While leading economic indicators have been able to forecast recessions and expansions, the indices used in this study are constructed to forecast industrial real estate demand expansions, peaks, declines and troughs. The Industrial Space Demand model was developed using the Kalman filter approach, where the regression parameters are allowed to vary with time and thus are more appropriate for an unstable industrial real estate market.
The forecast is based on a process that involves testing more than 40 economic and real estate variables that theoretically relate to demand for industrial space, including varying measures of employment, GDP, exports and imports, and air, rail and shipping data. Leading indicators that factor heavily into the model include the Federal Reserve Board’s Index of Manufacturing Output (IMO), the Purchasing Managers Index (PMI) from the Institute of Supply Management (ISM) and net absorption data from CBRE Econometric Advisors.

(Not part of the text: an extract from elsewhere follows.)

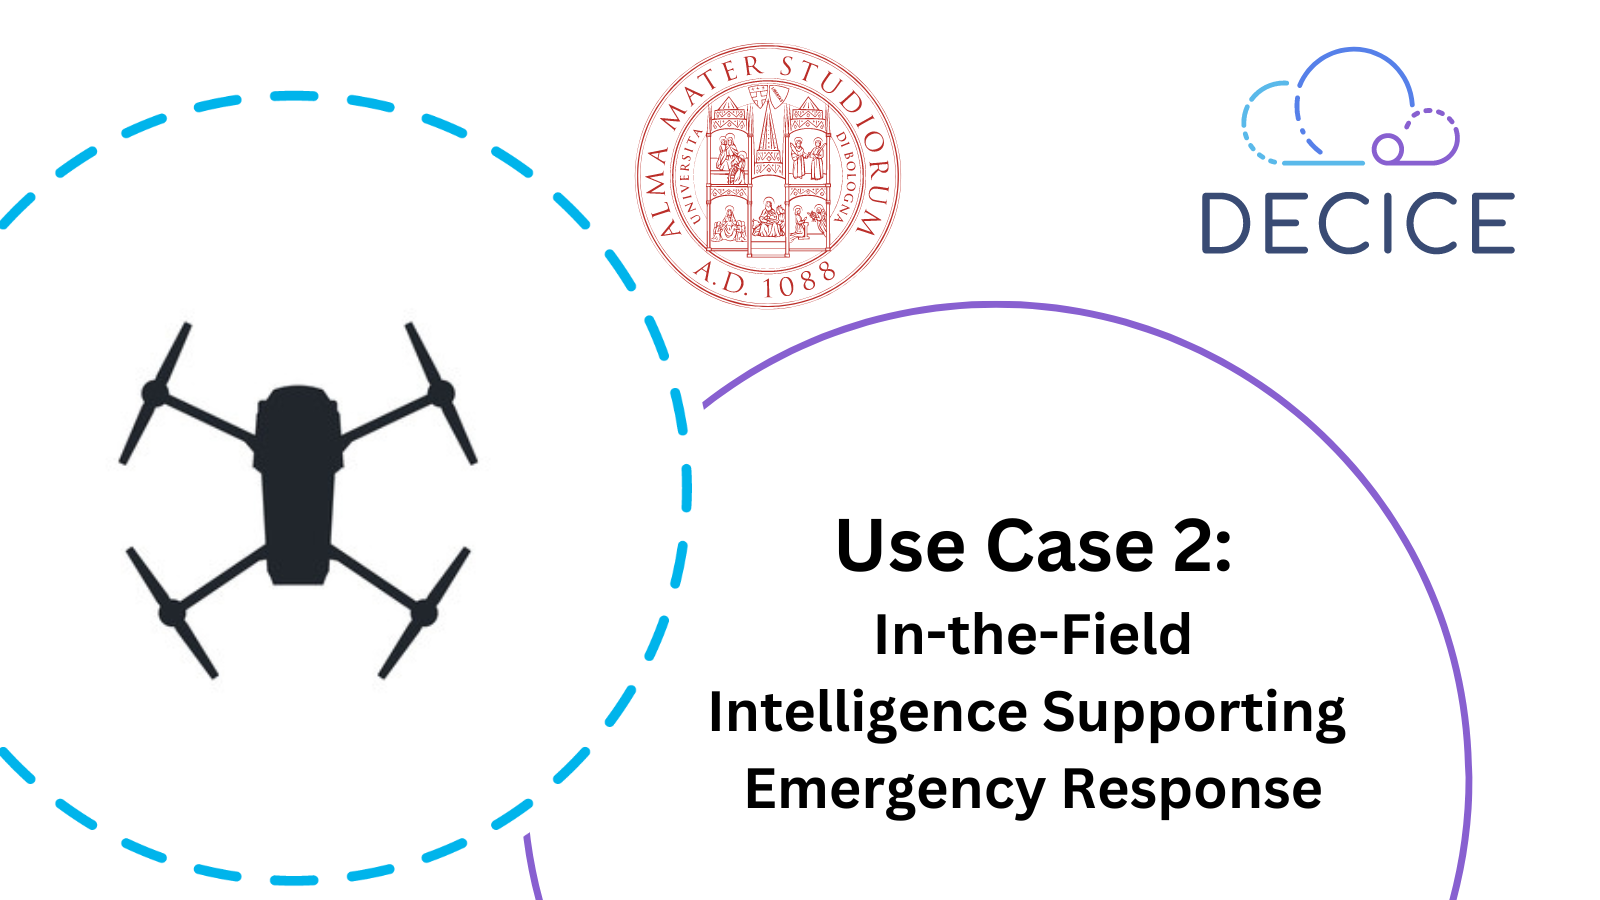 Use Case 2: In-the-Field Intelligence Supporting Emergency Response

ISM, the Federal Reserve and CBRE Econometric Advisors assume no responsibility for the Forecast. The absorption forecast tracks with CBRE data and may vary when compared with other data sets. Data includes warehouse, distribution, manufacturing, R&D and special purpose facilities with rentable building areas of 10,000 square feet or more.
Actual Versus Forecast
Although it got off to a slow start during the first half of 2018, the industrial market ended 2018 by performing closely with the previous forecast of net absorption. In 2018, 229.5 million square feet of industrial space was absorbed, inline with the forecast of 222.2 million square feet.
Initial and Ongoing Research
In 2009, the NAIOP Research Foundation awarded a research grant to Anderson and Guirguis to develop a model for forecasting net absorption of industrial space in the United States. That model led to successful forecasting two quarters out. A white paper describing the research and testing behind the model for NAIOP’s Industrial Space Demand Forecast is available.
The model was revised in 2012 to forecast eight quarters out. For this longer term forecast, Guirguis and Harris utilize the average central tendency forecast of the unemployment rate and growth rate of real GDP, provided by the seven members of the Board of Governors and the 12 presidents of the Federal Reserve Banks during the most recent Federal Open Market Committee meeting. Their forecasts are the independent variables in the equations. The forecasts usually vary from one year to another, so different techniques are applied to convert the yearly forecast to a quarterly one, in order to create the quarterly forecasts for net absorption. The estimated coefficients on the independent variables are estimated with the time-varying Kalman filter.